Each of lines 2-7 in this defintion describe one low-level macine-language instruction in a textual form. Assembly langauge is useful because it provides a common output language for different compilers for different high-level-languages. For example, C compilers and Fortran compilers both generate output files in the same assembly language.

Assembly phase. Next, the assembler (as) translates hello.s into machine-language instructions, packages them in a form known as relocatable object program, and stores the result in the object file hello.o. This file is a binary file containing 17 bytes to encode the instructions for function main. If we view this file with our text editor, it appears to be gibberish.
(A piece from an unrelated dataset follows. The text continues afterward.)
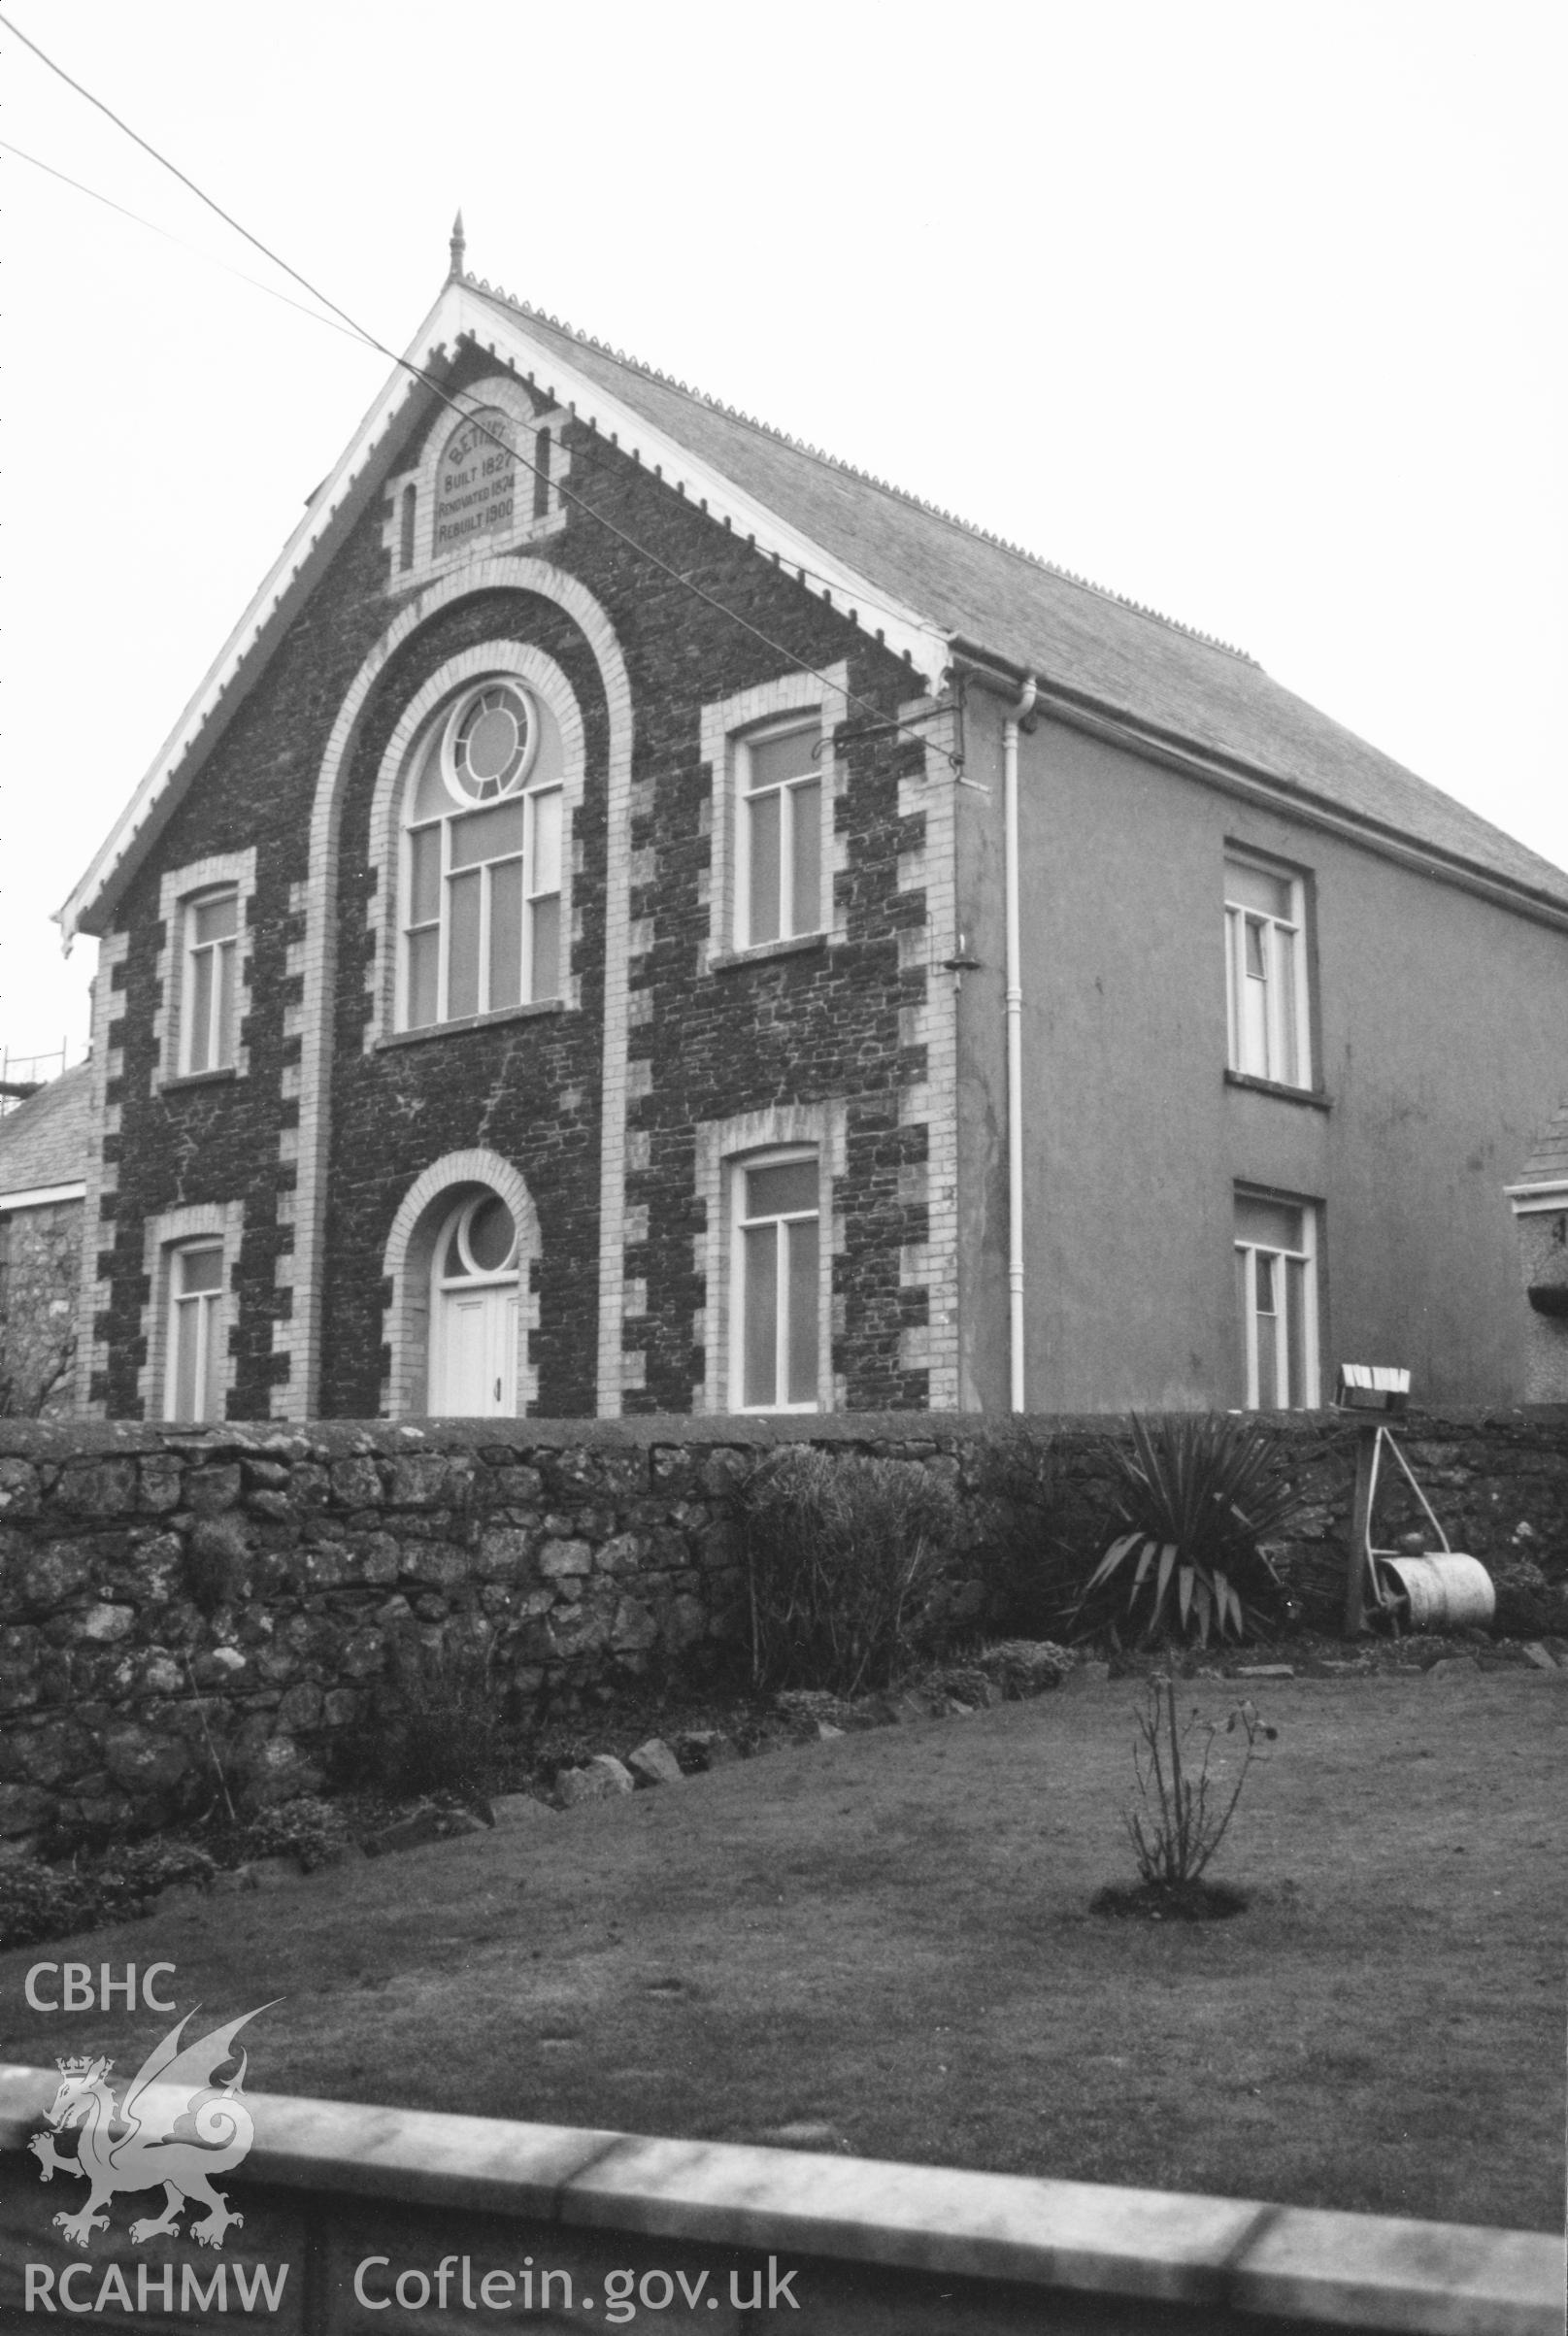 Digital copy of a black and white photograph showing exterior view of Bethel Independent Chapel, Wolfsdale, taken by Robert Scourfield, 1996.

Linking phase. The printf function is part of the standard C library provided by every C compiler. The printf function resides in a seperate precompiled object file called printf.o, which must get merged with our hello.o program. The linker handles this merging. The result is the hello file, which is an execuable object file (or simply executable) that is ready to be loaded into memory and executed by thy system.

My asides

In relation to JavaScript

JavaSCript is an interpreted language, not a compiled language. With a language such as C, it needs to be compiled before it is run. The source code is passed through a program called a compiler, which translates it into bytecode that our machine understands and can then execute.

JS has no compilation step. Instead, an interpreter in the browser reads over the JS code, interprets each line, and runs it.

C Standard library

C doesn’t have built-in functions, those come from the C Standard libray. If you’re in a unix-derived operation system, the C standard library ships with the OS - in our terminal we can do man 3 printf and look at the manual.